I'm constantly amazed at how many people don't understand what "fair use" actually means. Many seem to think it means "I should be able to do this" or even "I'm only using part of a copyrighted work". This issue has come up recently on Twitch with restreaming of TV shows, movies, anime and, more generally, with Youtube and other content.

Fair use [1] is a specific legal doctrine specific to the United States copyright system. Other countries have different legal standards (eg UK's fair dealing [2]). Fair use is a four part legal test and all four factors have to apply for it to fall under the legislation and precedents of US copyright law.

None of this is a commentary of the ethics of defeating DRM. From a purely legal point of view, defeating DRM puts you in violation of copyright law and all the case law (eg AACS decryption [3]) puts such efforts well outside "fair use".

Now I think the copyright situation is ridiculous, not least of which because of a certain unnamed rodent that seems to completely dictate US copyright law (eg wait for another copyright extension beyond death plus 70 years before 2025).

Personally I think copyright should be much shorter (eg 20 years total) with possible extensions that you have to pay an ever-increasing amount for.

But to anyone who wants to release tools on defeating DRM, just know you do so at your own (legal) peril and fair use doesn't apply and won't save you.

[1]: https://en.wikipedia.org/wiki/Fair_use

[2]: https://en.wikipedia.org/wiki/Fair_dealing

[3]: https://en.wikipedia.org/wiki/AACS_encryption_key_controvers...

4 comments

Fair use is such a meme at this point often perpetrated by content creators who want to infringe on copyright (because they disagree with many parts of copyright law) so they claim whatever they're doing is just "fair use".

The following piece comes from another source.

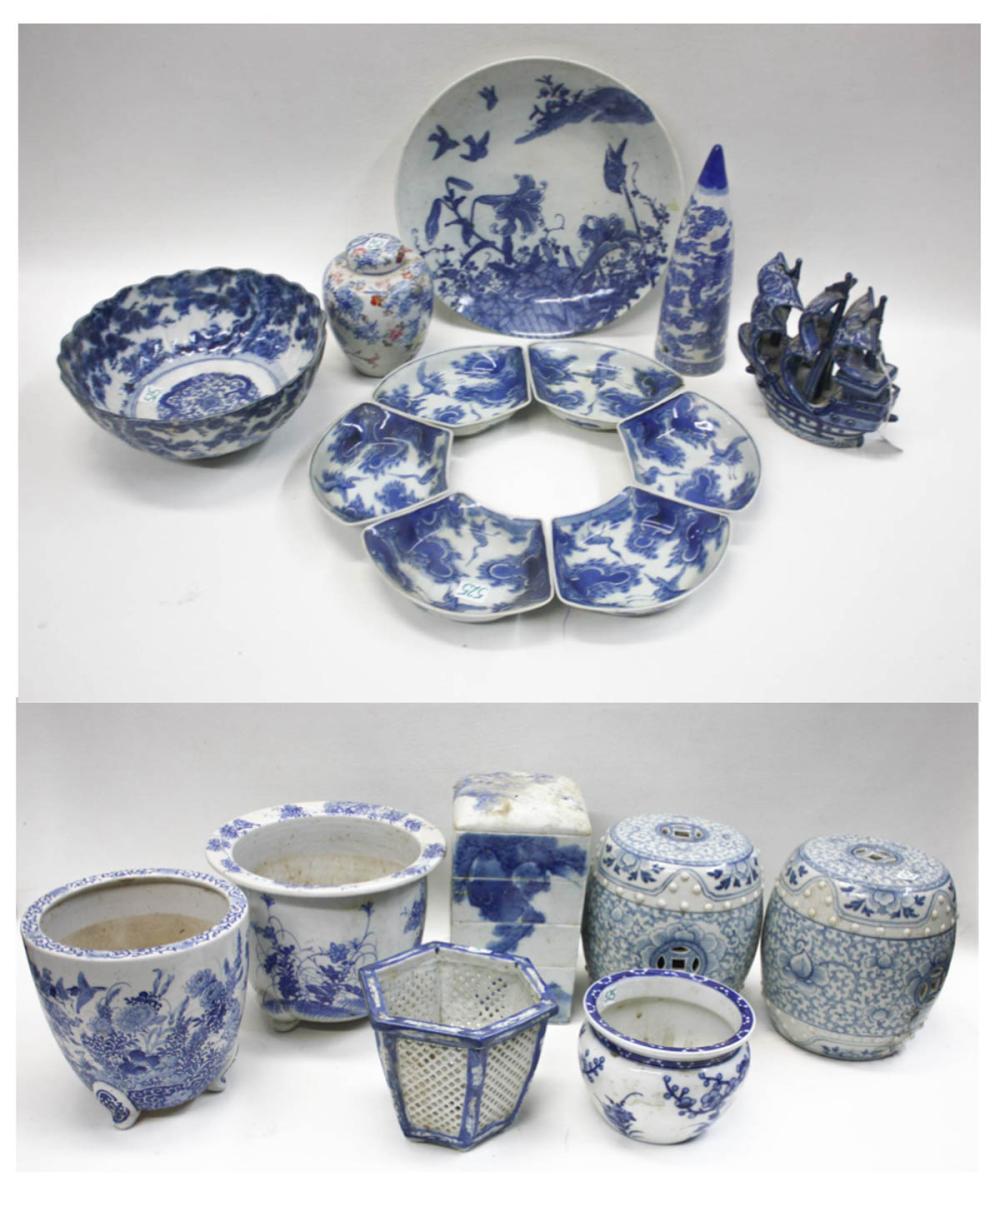 COLLECTION OF BLUE AND WHITE PORCELAIN

The authors of this library can't possibly defend themselves by claiming fair use and they damn well know it. The real question is whether the tool really does break encryption or if the tool is just an implementation of the algorithm that doesn't comply with their terms and conditions. Theoretically, a white-room reverse engineered implementation could be written without signing any contract and the terms and conditions would only serve to cut off their access after violation, but you'd probably have a hard time convincing a judge of that. I don't favour their chances in a lawsuit, but as they don't publish any keys, it's clear that they don't really break anything.

There could still be a violation going on if they hold one of those silly American software patents, but that would be solvable by only distributing the tools in countries where these patents can't be enforced. That also wouldn't be covered by a DMCA takedown of course, they'd need to start an actual lawsuit for that.

Using money to extend copyright is a bad solution. The house of the mouse will simply pay the fee, because they can, while the author of the bestselling book of 2002 might nog have the income to cover the copyright extenion fee.

Irony will then dictate that the house of the mouse will make a movie out of the bestselling book of 2002, and not pay a dime to the original author.

The rest of your fair use argument is ok btw.

Death to the rodent!

I hate mice, have had to deal with infestations a couple times now. Dirty, scumbags, causing me economic harm and trampling over my rights.

Plus the comp. you are talking about has known links to a repressive dictatorship. Burn-em I say.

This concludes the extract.